でもまさかプロポーズまでするとは私も思ってなかったから、驚いたけどね」
「でも、それならそうと僕にも教えてくれたら良いのに。アリバイ崩しの真相はなんとなく分かってましたから良いですけど」
そう言うと、レムは唇を尖らせて拗ねたような顔になった。
「ごめんね。一応サプライズみたいだったし、知ってる人は少ない方が良いと思って。
それに、私は恋愛の推理は自信が無いからオーナーの証言があったとはいえ、全部合ってるか自信が持てなかったの。

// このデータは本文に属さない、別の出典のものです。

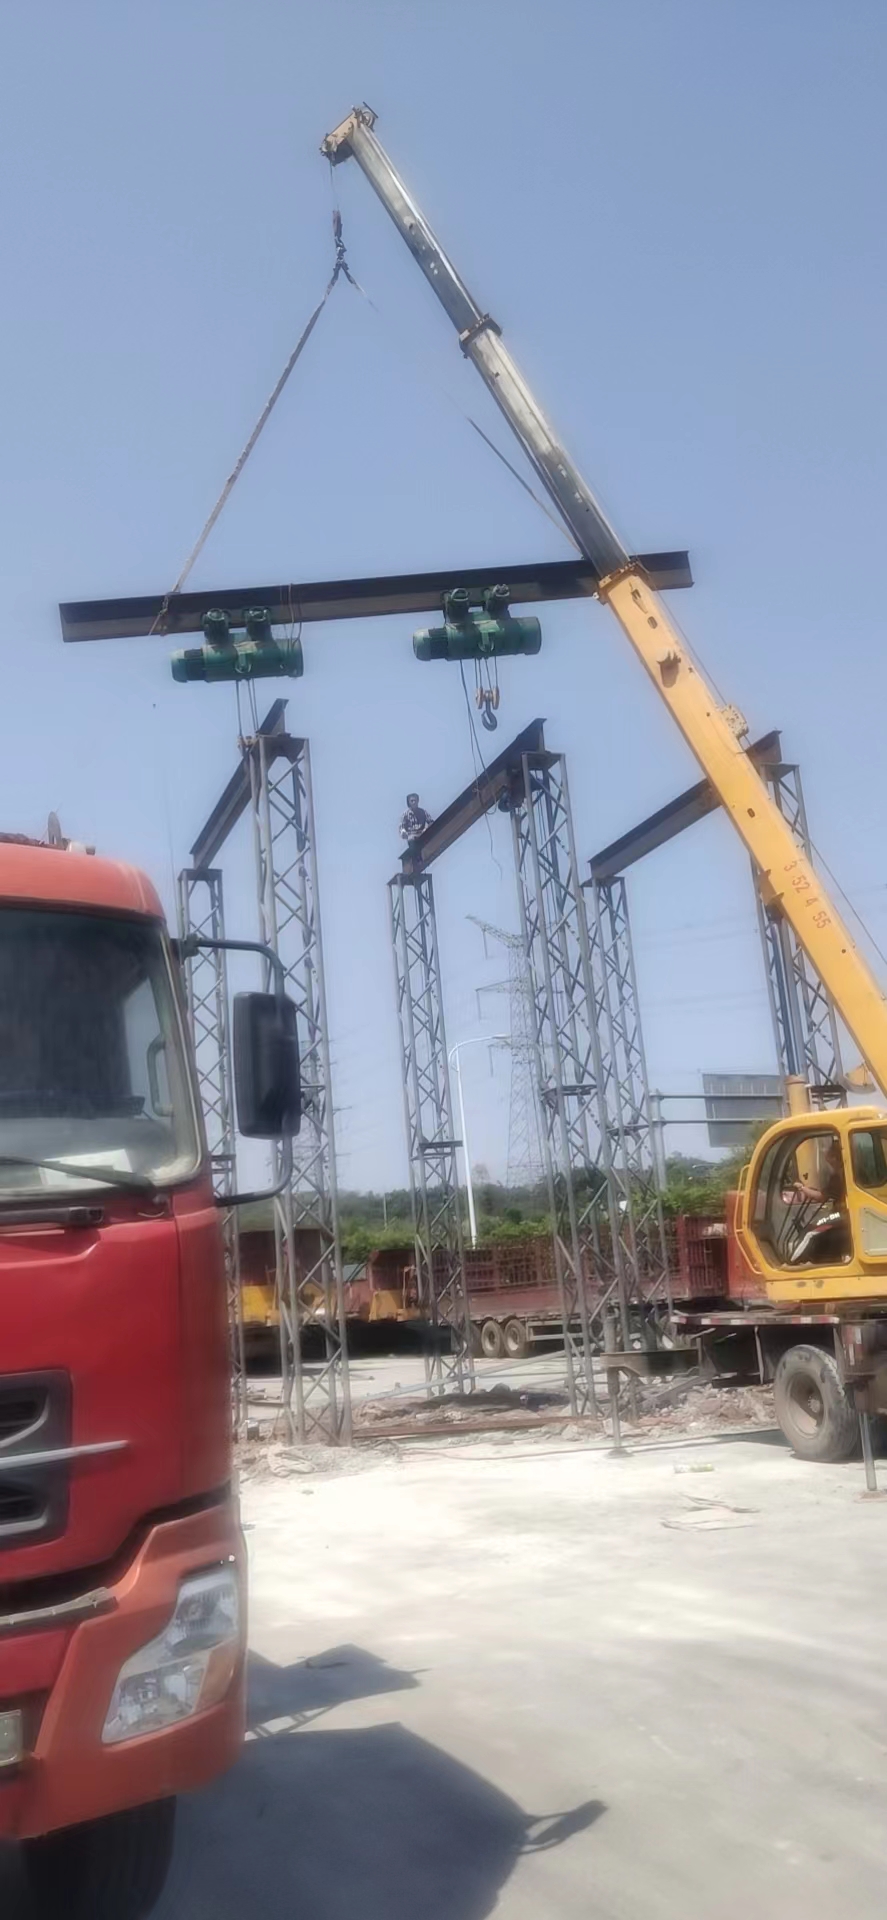 吊装货车葫芦架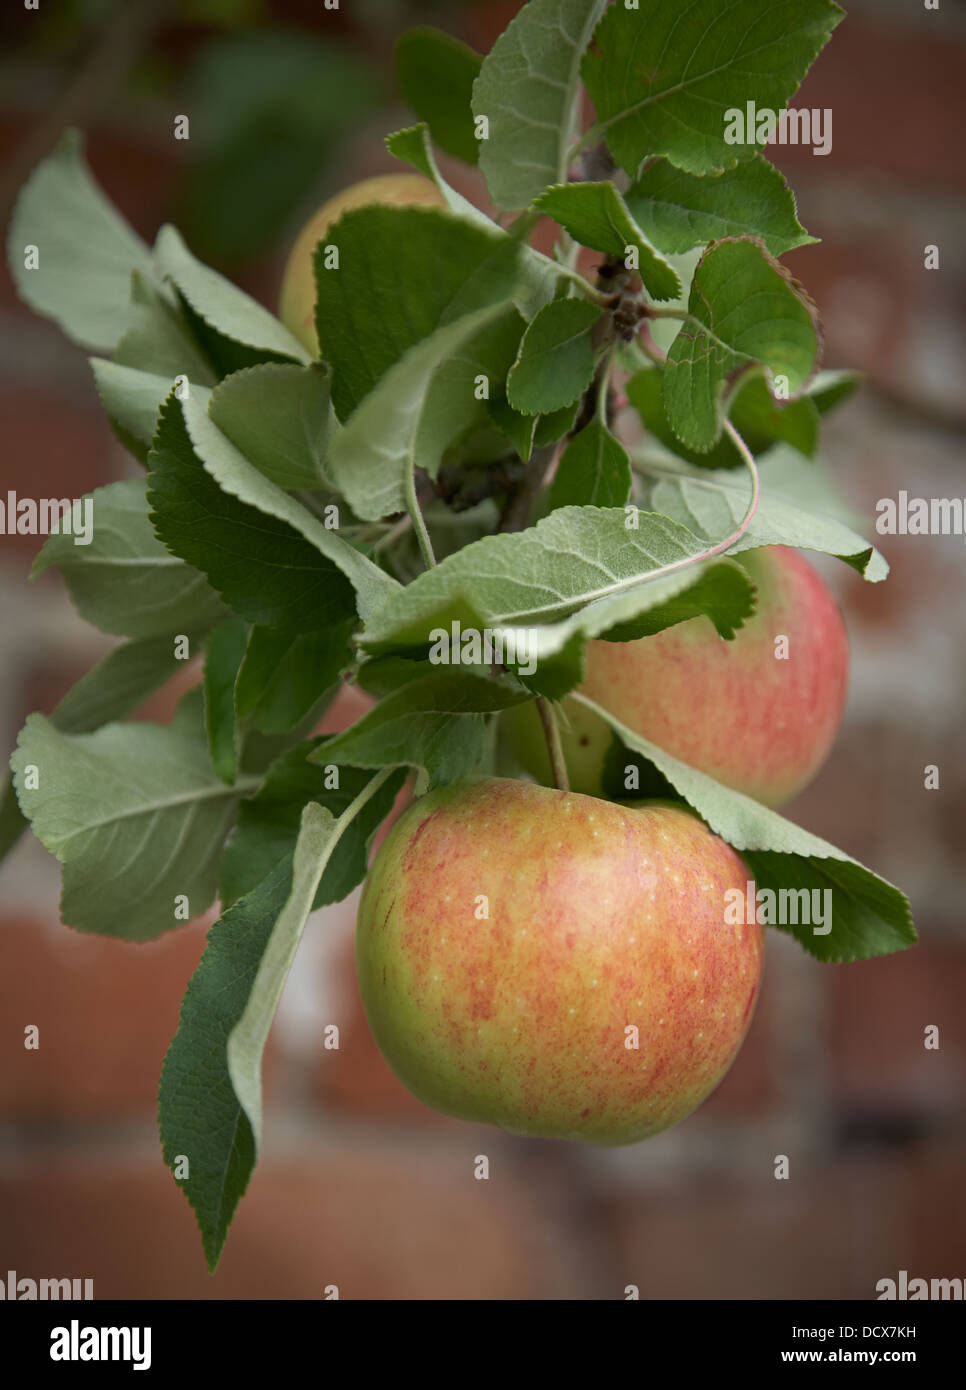 Las manzanas que cuelgan de una rama en un jardín amurallado Foto de stock

レムを仲間外れにした訳じゃないよ。ごめんね。よしよし」
侑芽が訳を説明し、手を伸ばしてレムの頭を撫でる。
こうされては、レムも機嫌を直すしかなかった。
「・・・まぁでも、色々それっぽい根拠は言ったけど、最初からなんとなく慎也さんは杏奈さんを裏切るような人じゃないと思ったんだよね」
「それはなぜですか?」
問われた侑芽は、背筋を伸ばしてはにかむ。
「話を聞く限り、慎也さんはのんちゃんに似てる感じがしたの。大好きなものに一途な所とか、優しい所とか。だから誰かを傷つけるようなことはしないと思ったんだ」
望夢みたいな人なら、悪い人ではない。
全く論理的じゃない理由だが、実は侑芽にとってはこれが1番の大きな理由だった。
レムはそれを聞くと、嬉しそうに目を細めた。
「なるほど。これ以上ない理由ですね。
でもそれを言うなら、杏奈さんは侑芽ちゃんに似ていると僕は思いますよ」
「え〜。私、杏奈さんみたいに大人可愛くないよ?」
「何を言ってるんですか。侑芽ちゃんもとっても可愛いですよ。でも、今僕が言っているのは外見のことではなくて、中身というか、心のことですよ」
「心?」
「そうです。気遣い屋で思いやりがある。でもたまに考えすぎてしまう所とか。
でも1番そっくりなのは、笑顔の雰囲気ですね。杏奈さんが慎也さんのことを話している時の笑顔。あれは望夢くんのことを僕に話している時の侑芽ちゃんの笑顔にそっくりです」
それを聞いて侑芽はドキッとした。
杏奈さんのあの笑顔をどこかで見たような気がしていたのだ。
それは寝る前に『今日のんちゃんと映画に行ったよ』『明日は森林公園にのんちゃんと行くんだ』とレムに話している時に、ゲージのうしろにある窓に反射した自分の笑顔だったのだ。
「そ、そうだったかな?ま、まぁ私とのんちゃんも幼馴染だし、関係性は似てるかもね。
でも、私たちは杏奈さんたちと違って友達同士だからそこは当てはまらないけど!」
「・・・そうですね。確かに」
レムはまだ何か言いたげな表情だが、黙って微笑むだけにとどめる。
その笑顔を見たら、なぜだか分からないが居心地が悪くなってきたので、侑芽は立ち上がった。
「ほら、レム。そろそろ行こう。
今はスマホがないから、駅で電車の時間を調べないとね!」
「分かりました。行きましょう」
駅に向かう間、侑芽は先ほどよりほんの少し、早足になる。
なぜそうなるのかは自分にも分からなかった。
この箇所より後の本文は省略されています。